Recruiting and retaining qualified personnel is critical to Pan American’s success. Pan American is dependent on the services of key executives including the Company’s President and Chief Executive Officer and other highly skilled and experienced executives and personnel focused on managing Pan American’s interests.  The number of persons skilled in acquisition, exploration and development of mining properties is limited and competition for such persons is intense.  As Pan American’s business activity grows, Pan American will require additional key financial, administrative and mining personnel as well as additional operations staff. There can be no assurance that Pan American will be successful in attracting, training and retaining qualified personnel as competition for persons with these skill sets increases.  If Pan American is not successful in attracting, training and retaining qualified personnel, the efficiency of its operations could be impaired, which could have an adverse impact on Pan American’s future cash flows, earnings, results of operations and financial condition.
 
Despite efforts to attract and retain qualified personnel, as well as the retention of qualified consultants, to manage Pan American’s interests, even when those efforts are successful, people are fallible and human error could result in significant uninsured losses to Pan American.  These could include loss or forfeiture of mineral claims or other assets for non-payment of fees or taxes, significant tax liabilities in connection with any tax planning effort Pan American might undertake and legal claims for errors or mistakes by Pan American personnel.
 
Employee Relations
 
Certain of Pan American’s employees and the employees of Peruvian mining contractors indirectly employed by Pan American are represented by unions.  Pan American has experienced labour strikes and work stoppages in the past.  There can be no assurance that Pan American will not experience future labour strikes or work stoppages.
 
Title to Assets
 
The validity of mining or exploration titles or claims or rights, which constitute most of Pan American’s property holdings, can be uncertain and may be contested. Pan American has used its reasonable commercial efforts to investigate its title or claims to its various properties and, to its knowledge, except where Pan American has otherwise identified, those titles or claims to material properties are in good standing. However, no assurance can be given that applicable governments will not revoke or significantly alter the conditions of the applicable exploration and mining titles or claims and that such exploration and mining titles or claims will not be challenged or impugned by third parties.

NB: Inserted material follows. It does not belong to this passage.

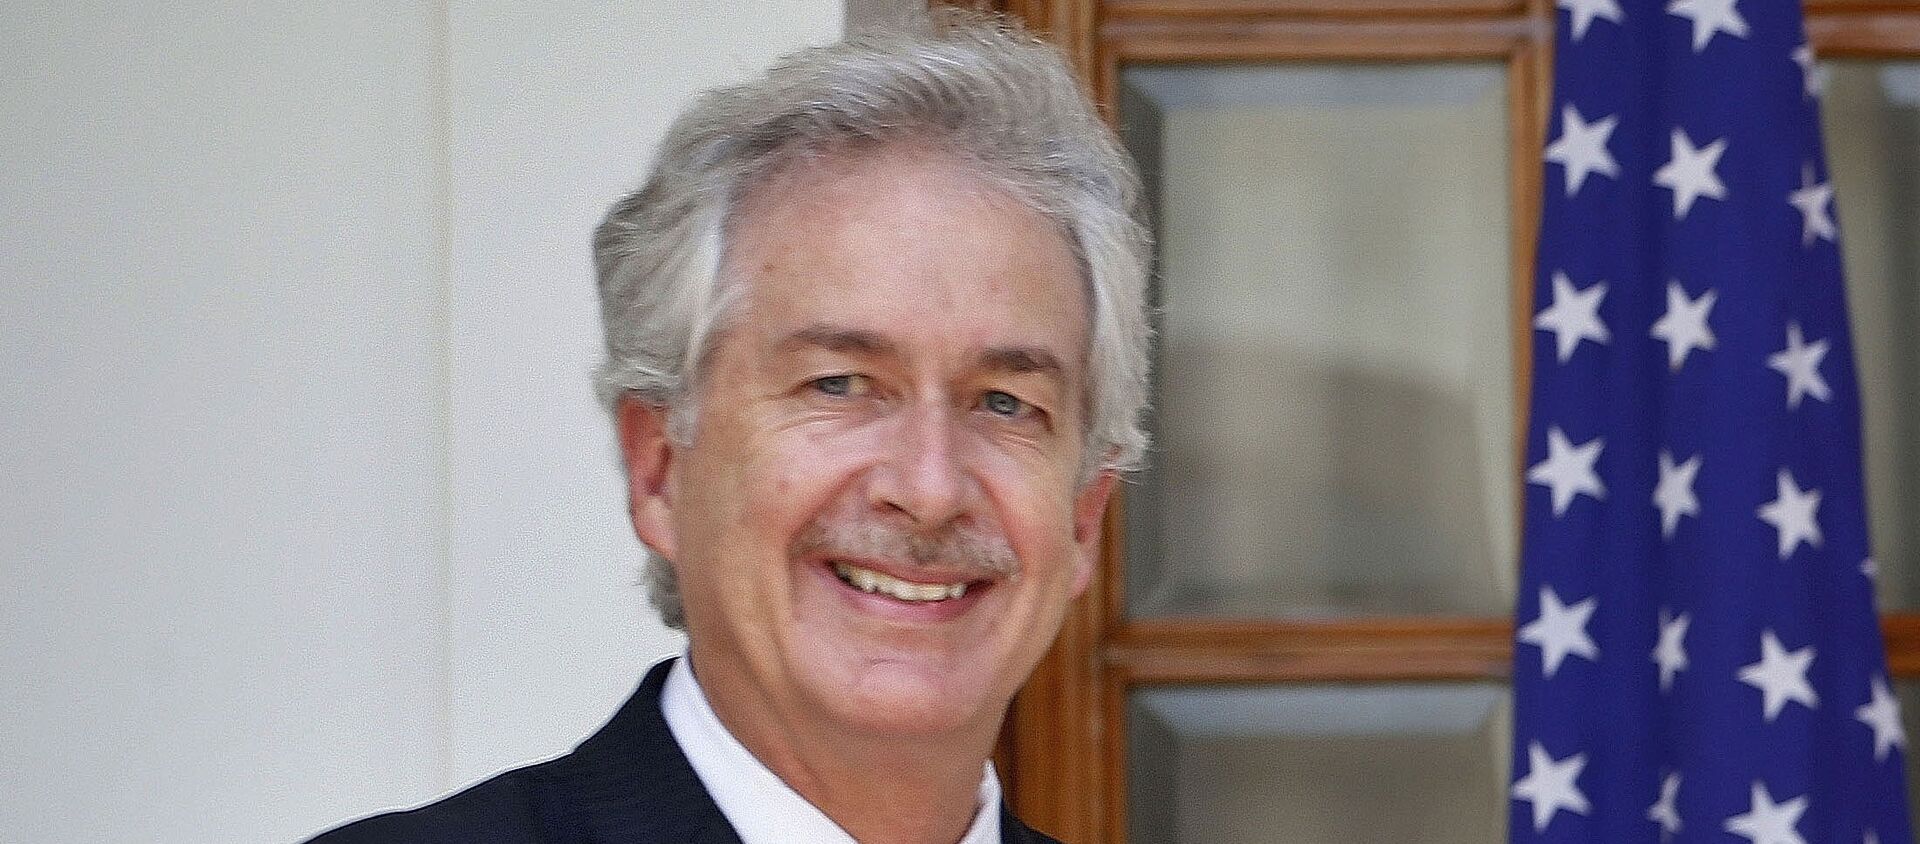 In this July 10, 2014 file photo, then U.S. Deputy Secretary of State William Burns, is shown in New Delhi, India.  President-elect Joe Biden has chosen veteran diplomat William Burns to be his CIA director. Biden made the announcement on Monday.  - Sputnik International, 1920, 10.08.2021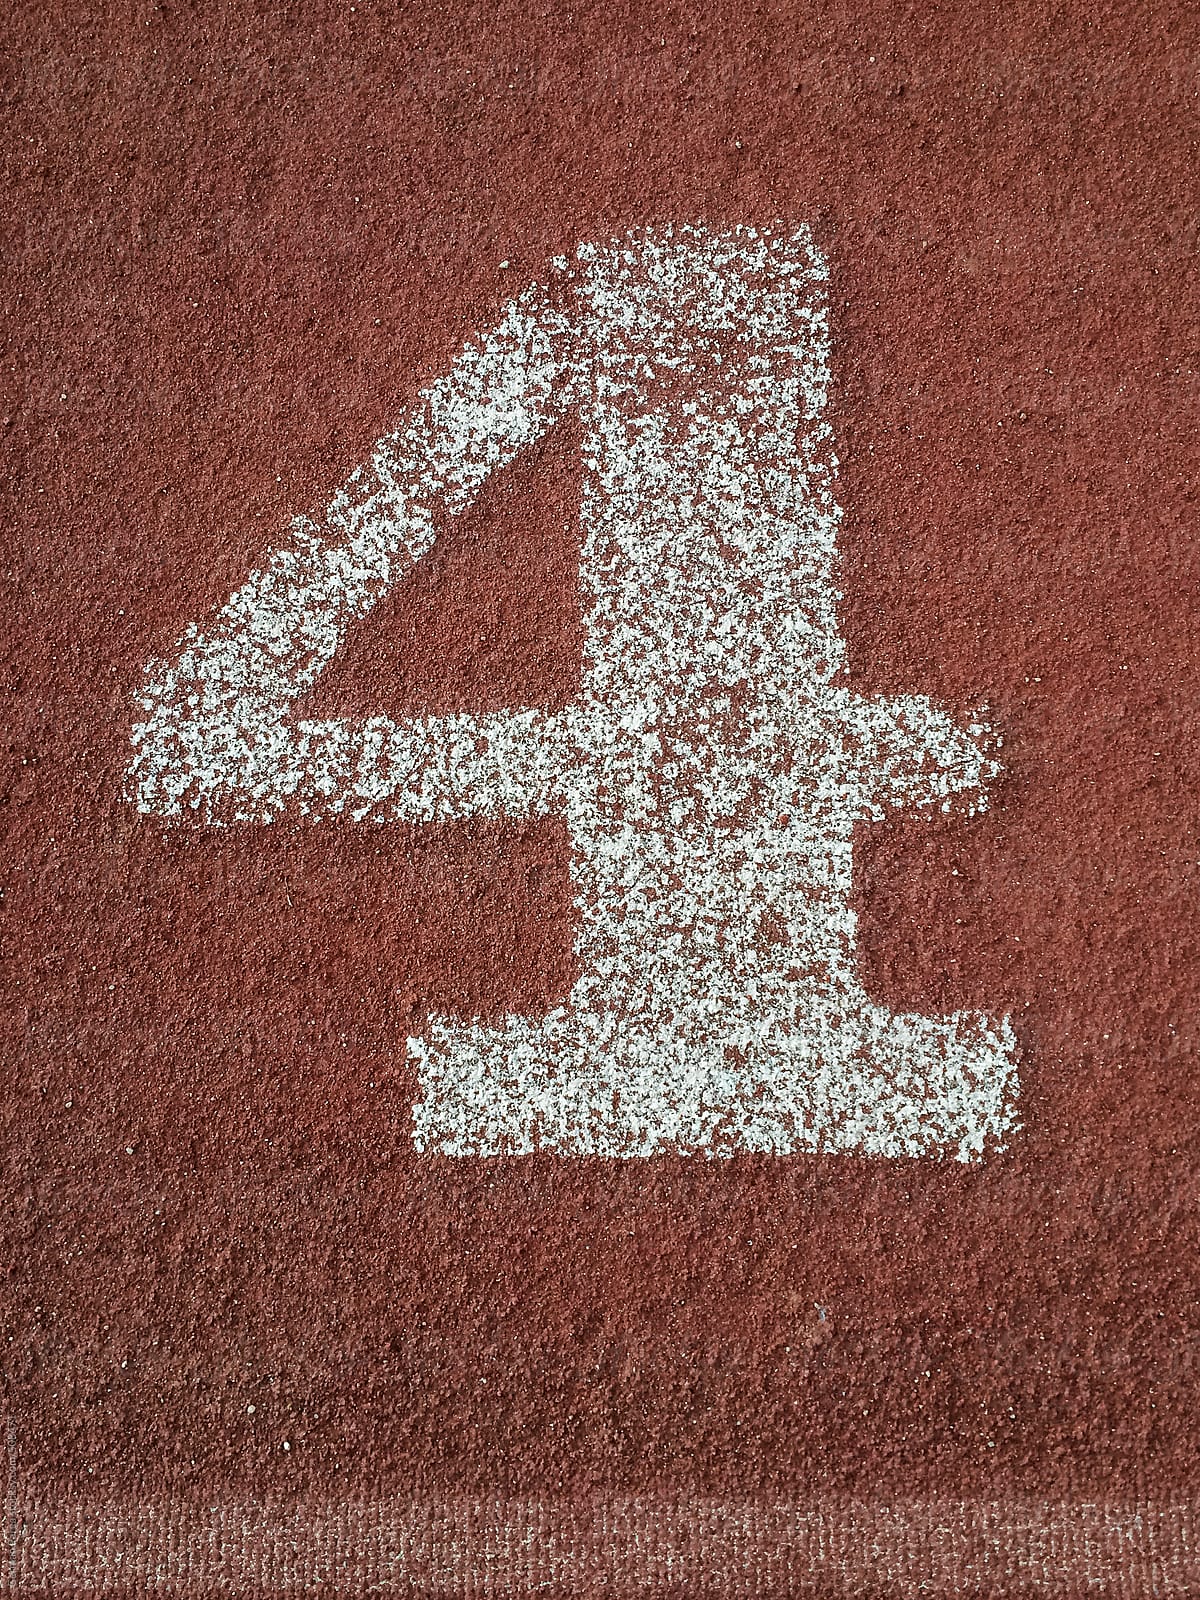 white number four painted on an running track

Pan American operates in countries with developing mining laws and changes in such laws could materially impact Pan American’s rights to its various properties or interests therein.
 
Although Pan American has received title opinions for those material properties in which it has an material interest (or if it has not been able to obtain such opinions, has made a determination, which Pan American believes is reasonable in the circumstances, to accept the risks associated with the subject property which determination Pan American believes is reasonable in the circumstances), there is no guarantee that title to such properties will not be challenged or impugned. Pan American has not conducted surveys of all the claims in which it holds direct or indirect interests and therefore, the precise area and location of such claims may be in doubt. Pan American’s properties may be subject to prior unregistered liens, agreements or transfers, native land claims or undetected title defects.
 
In many jurisdictions in which Pan American operates, legal rights applicable to mining concessions are different and separate from legal rights applicable to surface lands; accordingly, title holders of mining concessions in many jurisdictions must agree with surface land owners on compensation in respect of mining activities conducted on such land.
 
Pan American does not hold ownership title to most of the surface lands in the areas that overlie its mining concessions comprising the Morococha property, nor in the areas where administration and operations are taking place therein. Most of these rights were previously held by Centromin S.A. (“Centromin”). In May 2003, Centromin granted an Easement, Usufruct and Superficiary Rights Agreement in favour of Empresa Minera Natividad S.A.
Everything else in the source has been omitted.